With the abatement of the media buzz surrounding open data since the first International Open Government Data Conference (IOGDC) was held in November 2011, it would be easy to believe that the task of opening up government data for public consumption is a fait accompli.  Most of the discussion at this year’s IOGDC conference, held July 10-12, centered on the advantages and roadblocks to creating an open data ecosystem within government, and the need to establish the right mix of policies to promote a culture of openness and sharing both within and between government agencies and externally with journalists, civil society, and the public at large.   According to these metrics the open government data movement has much to celebrate:  1,022,787 datasets from 192 catalogs in 24 languages representing 43 countries and international organizations.

The looming questions about the utility of open government data make it clear, however, that the movement is still in its early stages.    Much remains to be done to to provide usable, reliable, machine-readable and valuable government data to the public.

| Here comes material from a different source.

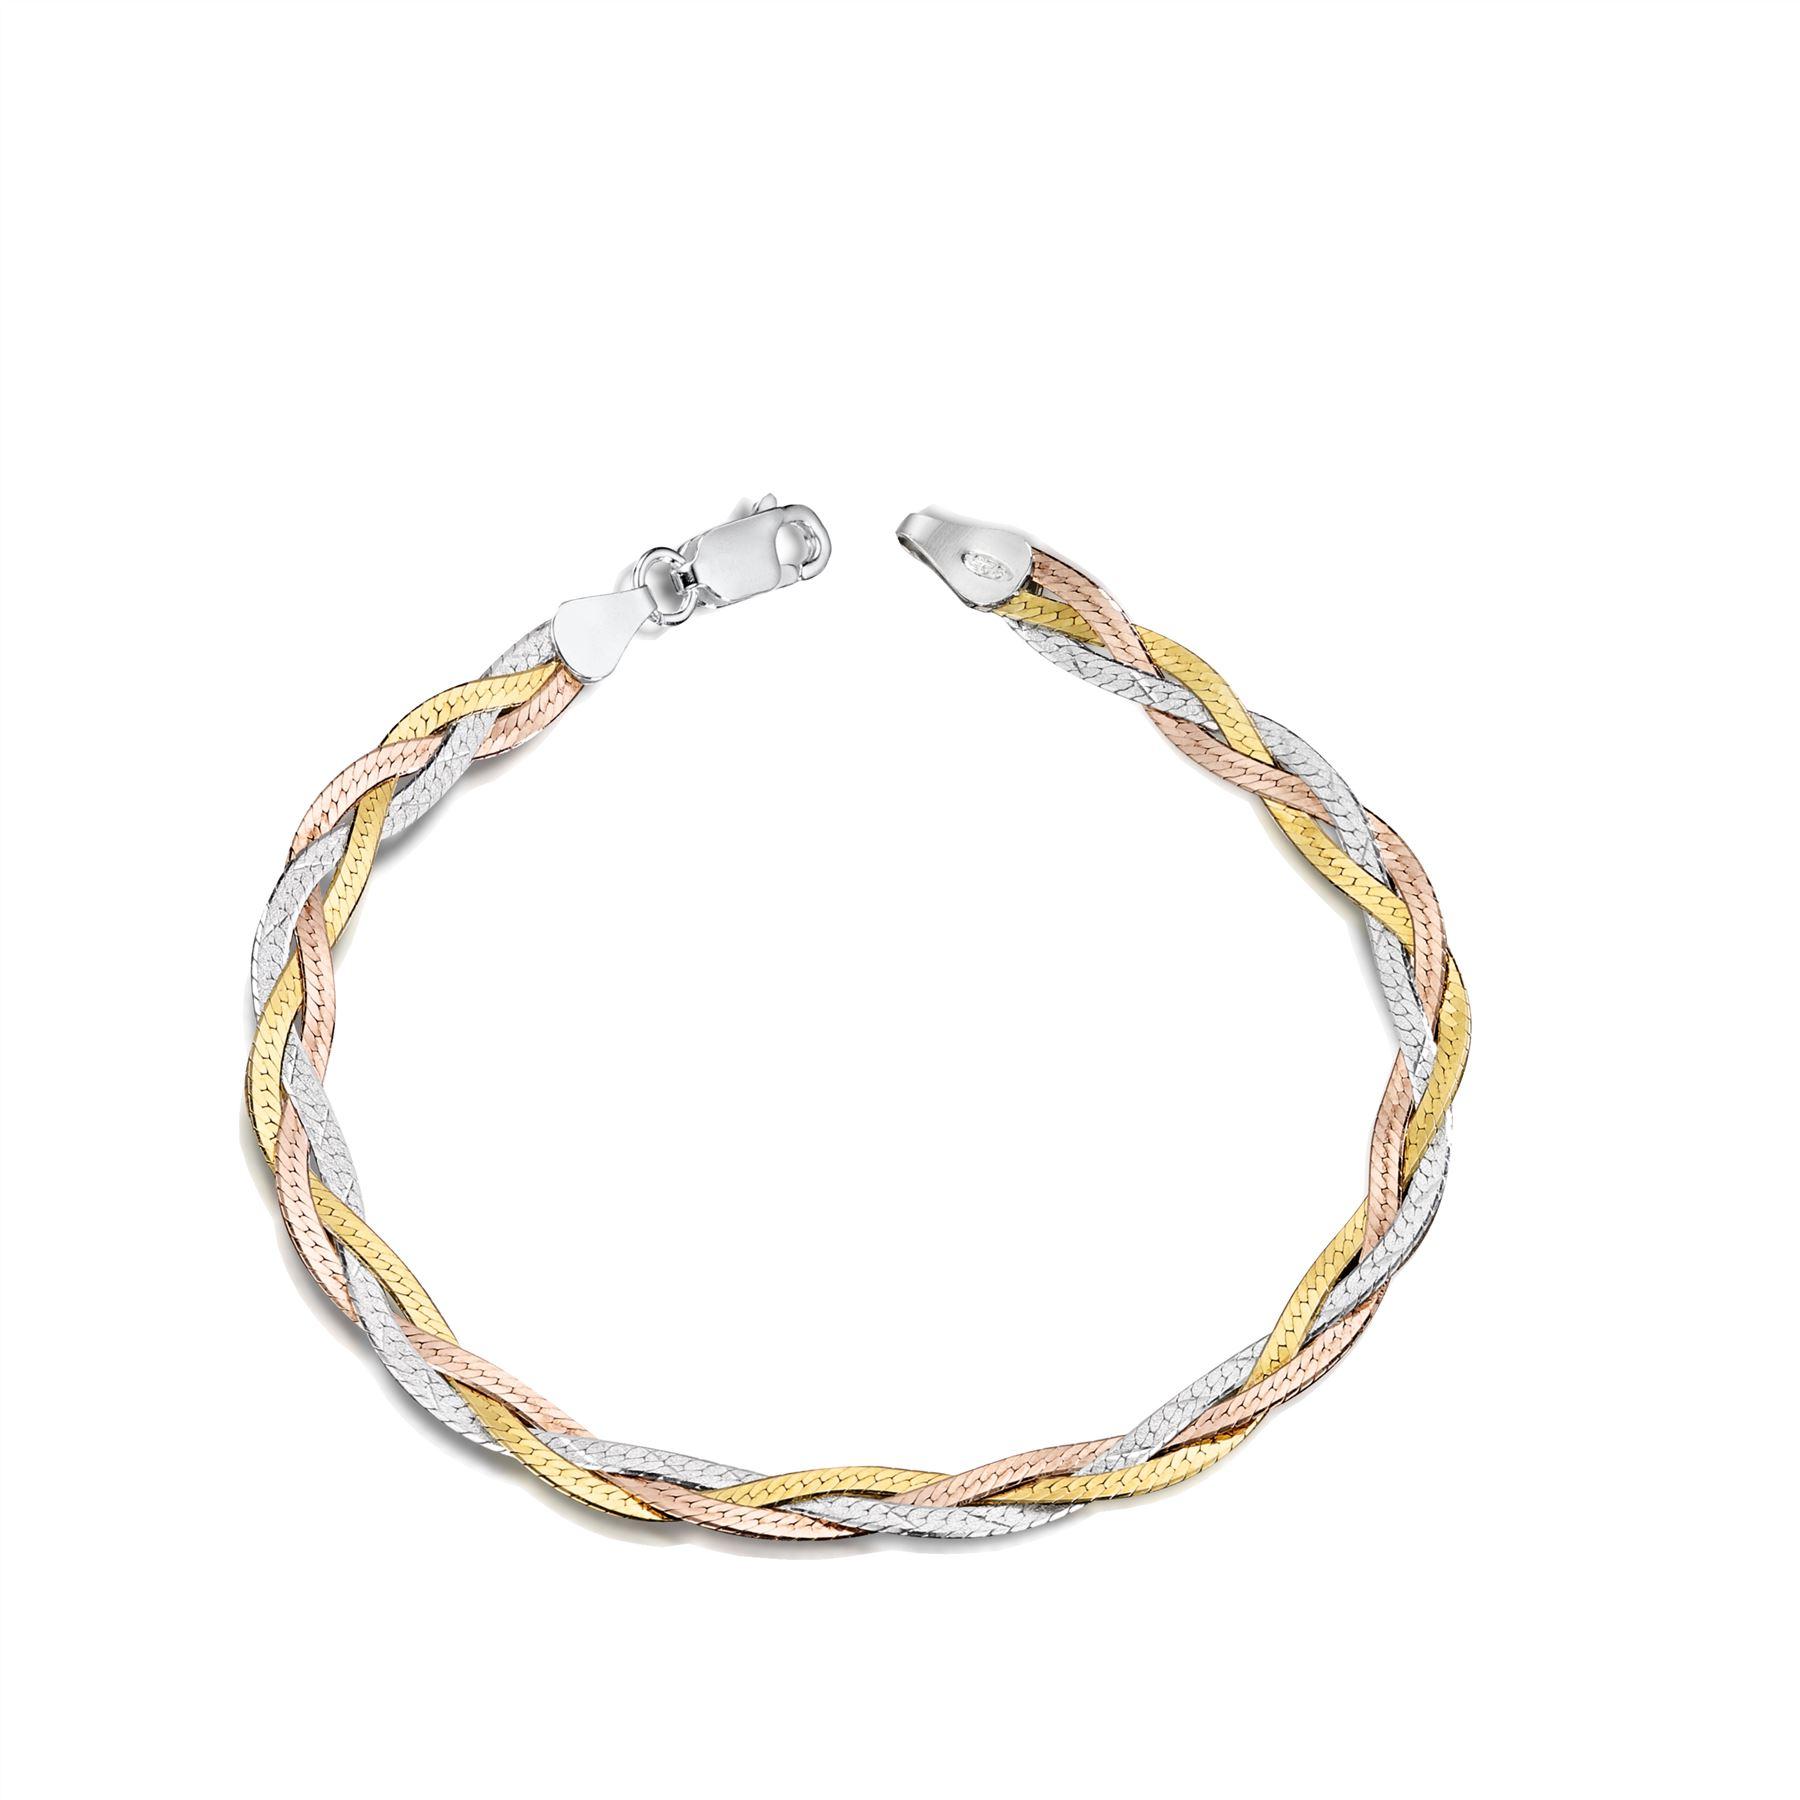 Amberta-Bijoux-Bracelet-en-Vrai-Argent-Sterling-925-Chaine-pour-Femme-a-la-Mode thumbnail 105

One of the big questions addressed during the conference was what, exactly, the role of government should be in providing data to the public.  Should open government data portals serve only as catalogs of data in a variety of formats, which then rely on external developers, civil society groups and journalists to “mash-up” and interpret?  This was the opinion of Rufus Pollock of the Open Knowledge Foundation, the nonprofit organization that developed the open-source CKAN data management system used by governments and communities in the United Kingdom, Austria, Brazil, the European Union, and many other countries and municipalities.  Data re-use in his opinion is the most important indicator of the success of any open government data initiative– it matters little how much credit the government receives for providing it, and in what context it is presented.

Other presenters, such as Mexico’s Digital Government Unit Head Carlos Viniegra, suggested that, where the capacities of developers, civil society groups and journalists are limited with regard to interpreting data, these groups have put pressure on the government to take on a more active role in helping citizens perform this function.  Some government agencies, local governments and multilateral agencies are moving in this direction through app challenges, capacity building programs, and by creating more user-friendly data sites that provide tools to help users visualize data.

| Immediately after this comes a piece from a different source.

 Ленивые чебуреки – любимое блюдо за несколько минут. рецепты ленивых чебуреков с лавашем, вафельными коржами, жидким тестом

Kevin Merritt of Socrata, the open data platform used by Data.gov, the United Nations, and the city of Chicago noted that, with the the proposal for a ‘Datasets‘ addition to schema.org, search engines such as Google and Bing will soon likely serve as capable catalogs of government data.   Given this scenario, there was a discussion about whether the next stage of government data sites should be more focused on helping specific communities search for and filter needed government data, such as the US Department of Health and Human Services’ HealthData.Gov website.

Many presenters at the conference noted the poor quality of the data being made available on government sites, citing the lack of machine readable formats.  Even where datasets are available in machine readable formats, observers noted that very little context and metadata about datasets are available, and errors and inconsistencies are common.  John Wonderlich, Policy Director of the Sunlight Foundation suggested that at best, government data quality can be considered “a mixed bag”

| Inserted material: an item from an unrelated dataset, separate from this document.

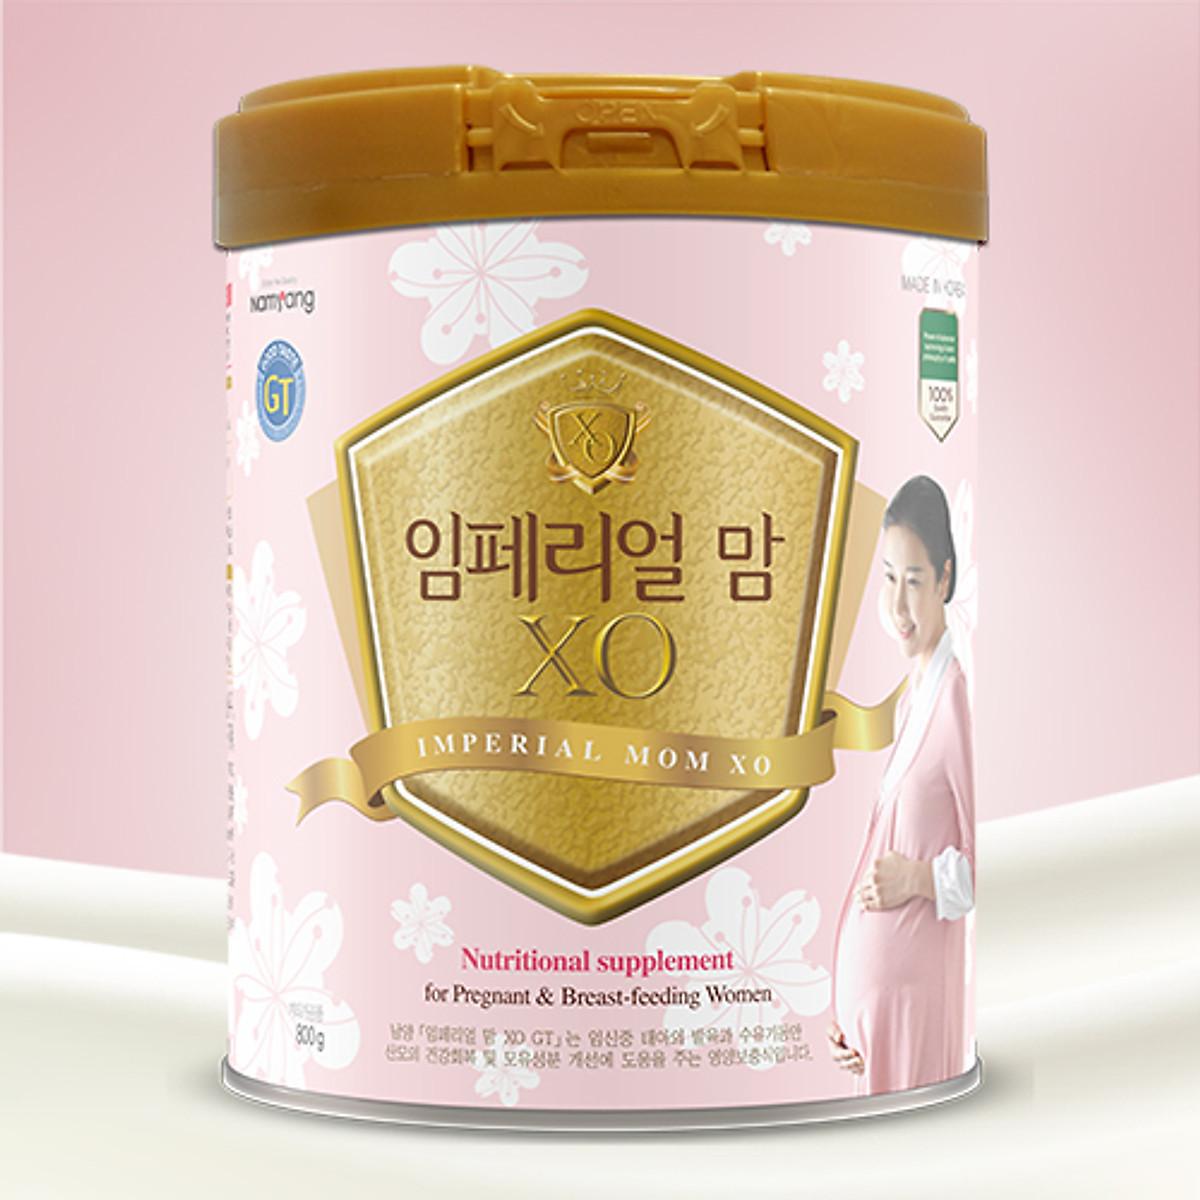 Sữa Bột Namyang Imperial Mom XO GT - 279.000đ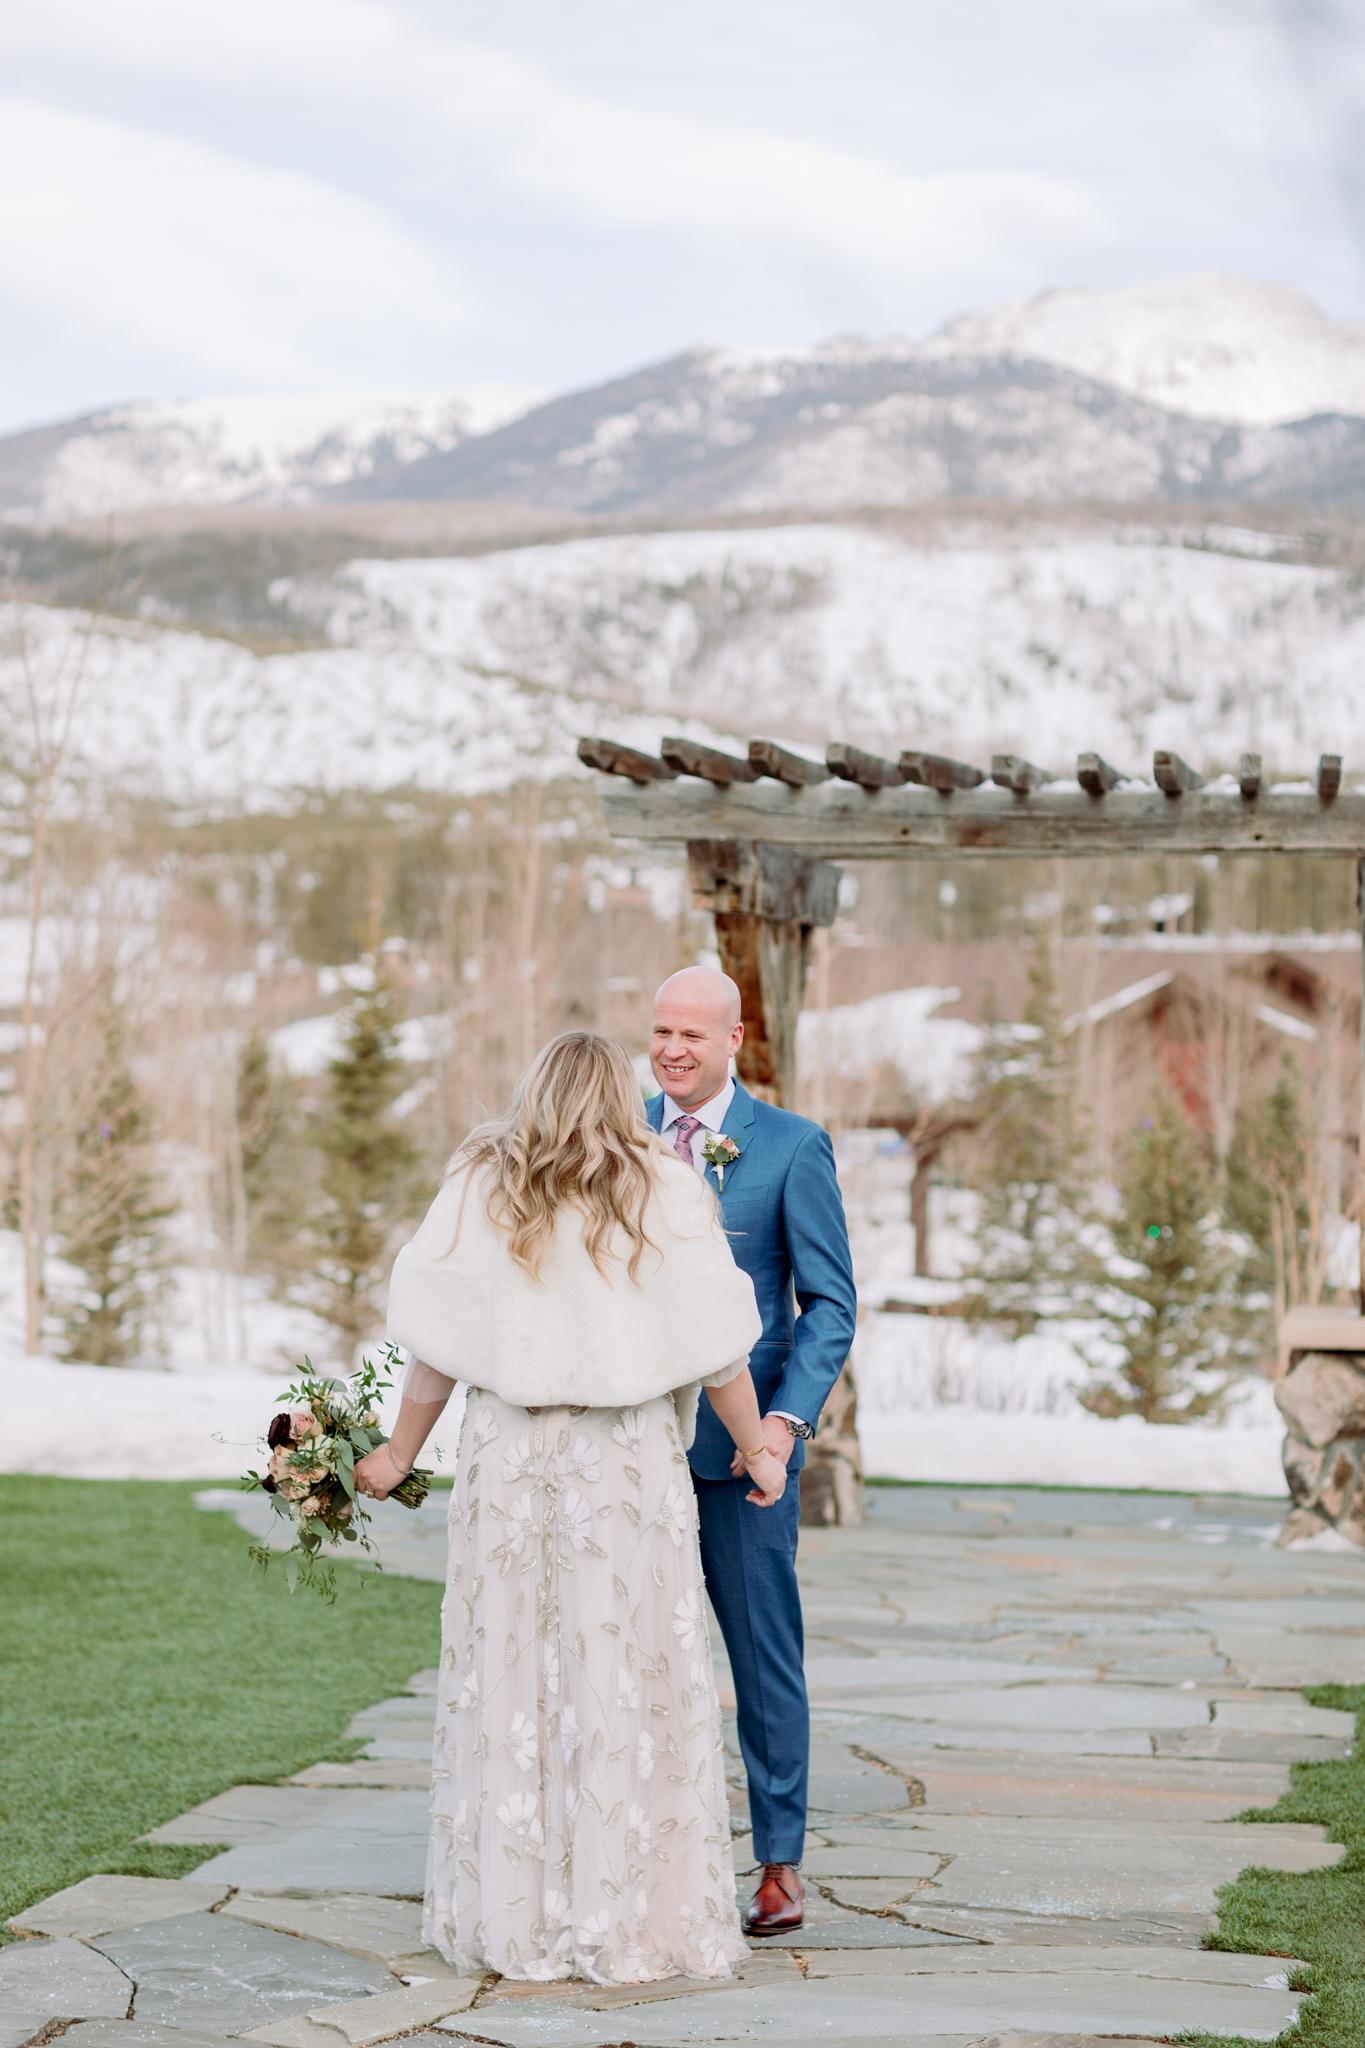 Devils-Thumb-Ranch-Tabernash-Colorado-Winter-Outdoor-Wedding-First-Look

With these deficiencies in data quality and standards, it is not surprising that there was very little public discussion about linked data at the second IOGDC.  Digging further, the following reasons were given to explain why linked open data was not major topic of this conference:

  • Linked open data is a relatively new concept, and a lot of government tooling (at least in the US) is not compatible,
  • Agencies, and the contractors who work with governments would rather not make the expenditures necessarily to publish and consume linked data,
  • Many developers (even in the UK) don’t like linked data because it requires re-training, and
  • The US government is facing the considerable challenge of establishing ontologies and determining persistent URIs.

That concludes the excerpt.